Sereno did find him some dinosaurs, mind you. Good ones, too.

The site yielded fossils of huge crocodiles and dinosaurs including the complete skeleton of Sarcosuchus imperator, one of the biggest crocodiles that ever roamed the earth some 110 million years ago.

Sereno also unearthed the Nigersaurus, a plant-eating dinosaur with a huge jaw studded with 500 teeth that lived in the same geologic period, the Cretaceous, some 110 million years ago.

Read the full story and see all the gorgeous pictures on the National Geographic site.

Or if you’re really into it, you can read Sereno et al’s paper on their discovery. They’ve got tons more pics, graphs, data, you name it. Srsly fascinating stuff.

All of Scotland’s historical sites online

The Highland Council has created an incredibly nifty searchable, interactive online database of over 50,000 historical sites in Scotland. It’s called the Highland Historic Environment Record (HER) and is an invaluable tool for anyone planning to skip through the heather or even just for history nerds like me to spend hours clicking through.

The site, which went live yesterday, provides a database of more than 50,000 historic buildings, archaeological sites and finds dating from prehistory to the present day.

Developed by Highland Council’s planning department, the resource not only catalogues a diverse range of historical sites but also one or two more quirky attractions and items.

Take for example the 1950s petrol station at Brora, Sutherland. Users who stumble upon this “monument” are welcomed with a page of information including pictures, exact location and a blurb on the site which boasts two pumps. A group of World War II accommodation blocks can be found at Portmaculter and the miniature castle at Achmelvich is another curiosity.
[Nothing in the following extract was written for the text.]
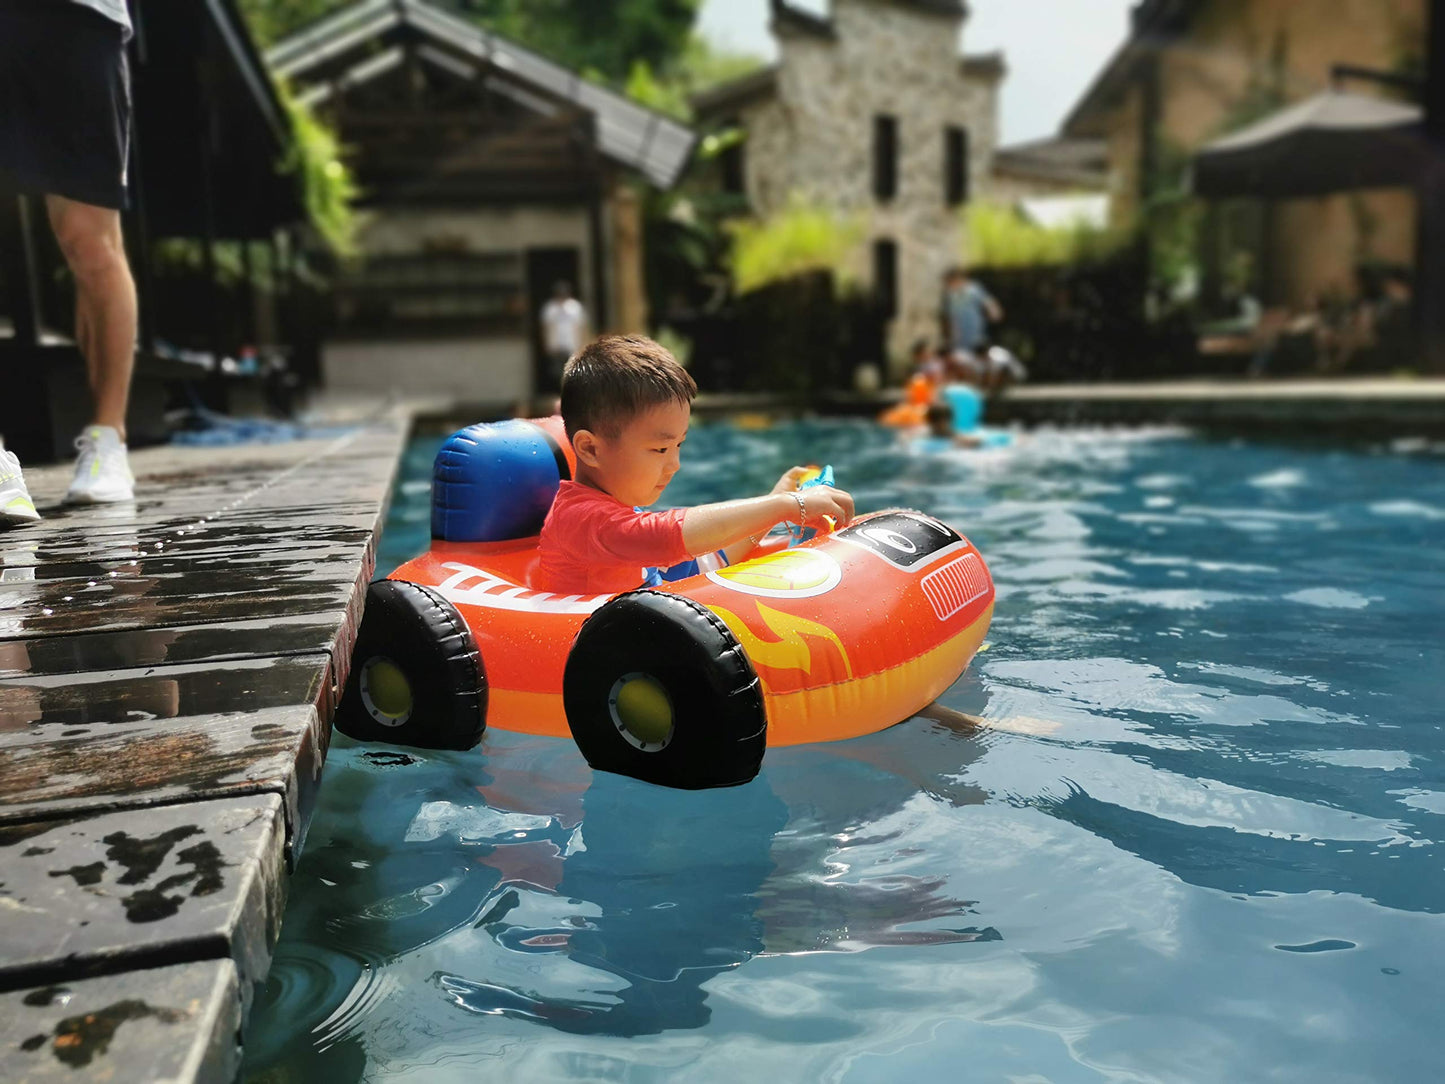 Big Summer Inflatable Fire Boat Pool Float for Kids with Built-in Squirt Gun, Inflatable Ride-on for Children Aged 3-7 Years Fire Truck Float

WANT! I want a miniature castle!1

See, it’s already working on me. That’s how you promote local tourism right there. Forget the lame slogans and soft-focus commercials. Here’s the site: Highland Historic Environment Record.

Ancient Greek “sewn” boat raised

The 2500-year-old shipwreck was discovered off the coast of Gela, Sicily, by divers 20 years ago, and the local archaeological authorities have been trying to recover it ever since.
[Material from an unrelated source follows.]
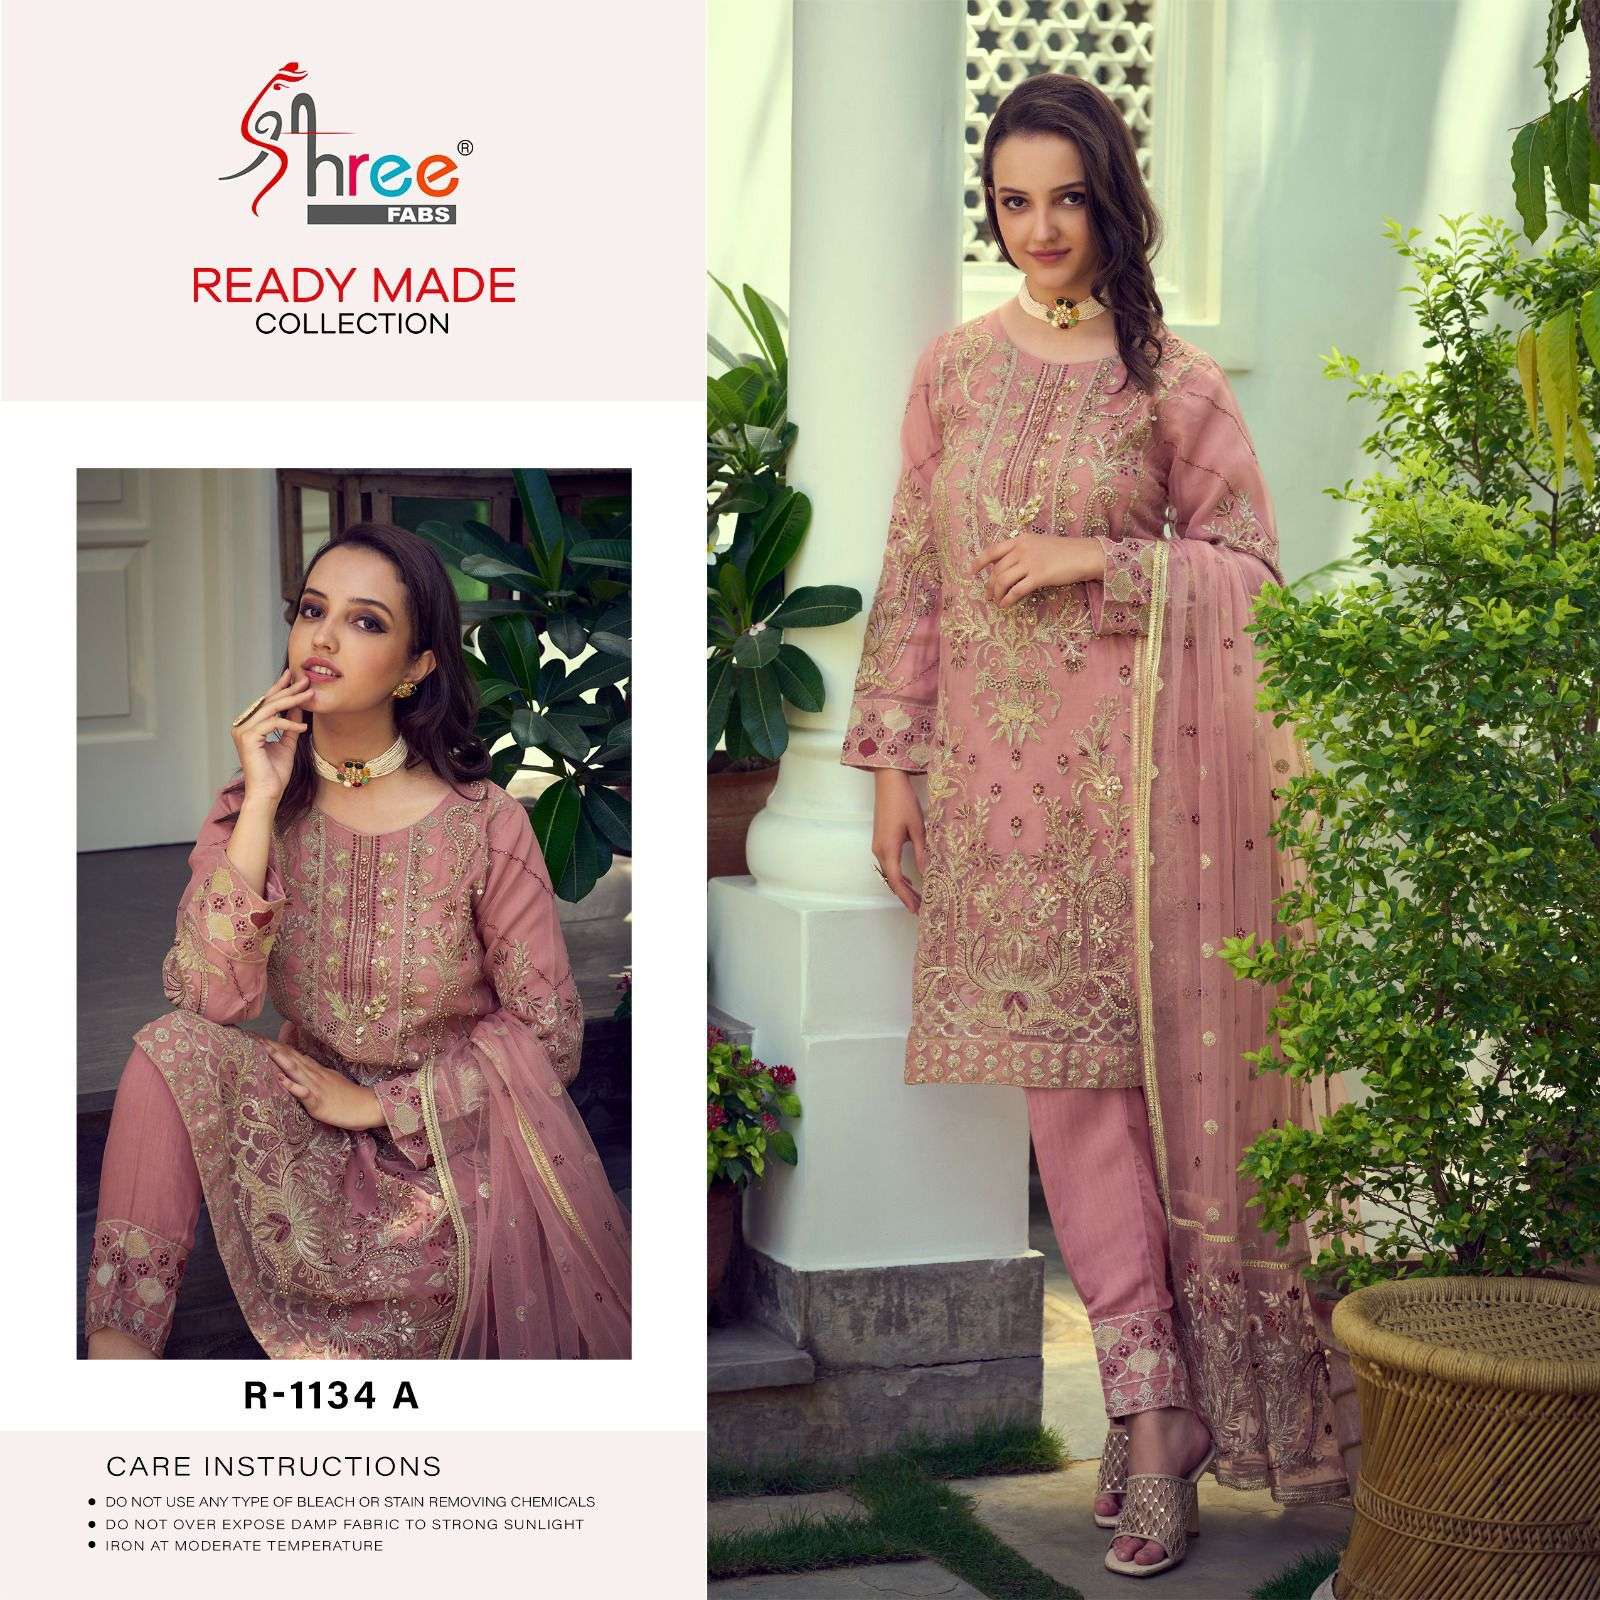 shree fabs 1134 organza heavy embroidered readymade collection wholesale price

Thanks to the Italian Coast Guard, they’ve now succeeded in raising the entire wreck which will be restored in Portsmouth before going back on display in a new maritime museum in Gela.

What makes this ship particularly remarkable is that it’s the largest, most intact vessel ever found to be constructed with a ancient technique known as “sewing”. Homer mentions this ship-building method in the Illiad.

The ship’s outer shell was built first, and the inner framework was added later. The wooden planks of the hull were sewn together with ropes, with pitch and resin used as sealant to keep out water. […]

Beltrame, of the Università Ca’ Foscari, said the ship—”part of a family of archaic Greek vessels”—is something of a missing link in the evolution of naval engineering.

“It shows a mix of sewing and mortise-and-tenon joints—a different technique that later prevailed in shipbuilding,” Beltrame said, referring to joints in which a protrusion in one piece of wood inserts into a cavity in another.

Sewn-together planks isn’t so far from the first vessels people made to cross the water. It’s a transitional form where you can still see the Robin Crusoe raft inside the oil tanker. Very cool.

Please tell me this is a joke

City of Rome plans ancient theme park outside of town.

“The model is Euro-Disney in Paris,” said Deputy Mayor Mauro Cutrufo, announcing plans to build a vast ancient Rome theme park just outside the city which he says could be up and running within three to four years.

The park would provide family-friendly attractions to show visitors what life was like in the Rome of 2,000 years ago.

To be built on an as yet unspecified 1,000-1,200 acre site, it would put a Roman twist on rides like Disneyland’s Pirates of the Caribbean, in which visitors float on boats through a fantasy pirate world.

“You would relive scenes from the Colosseum, from ancient Rome, gladiators or maybe Julius Caesar or other things,” a Rome city official said.

There aren’t enough puking emoticons in the world to describe what I’m feeling.

Hopefully the regional government of Lazio will end this tortured madness before it begins in earnest.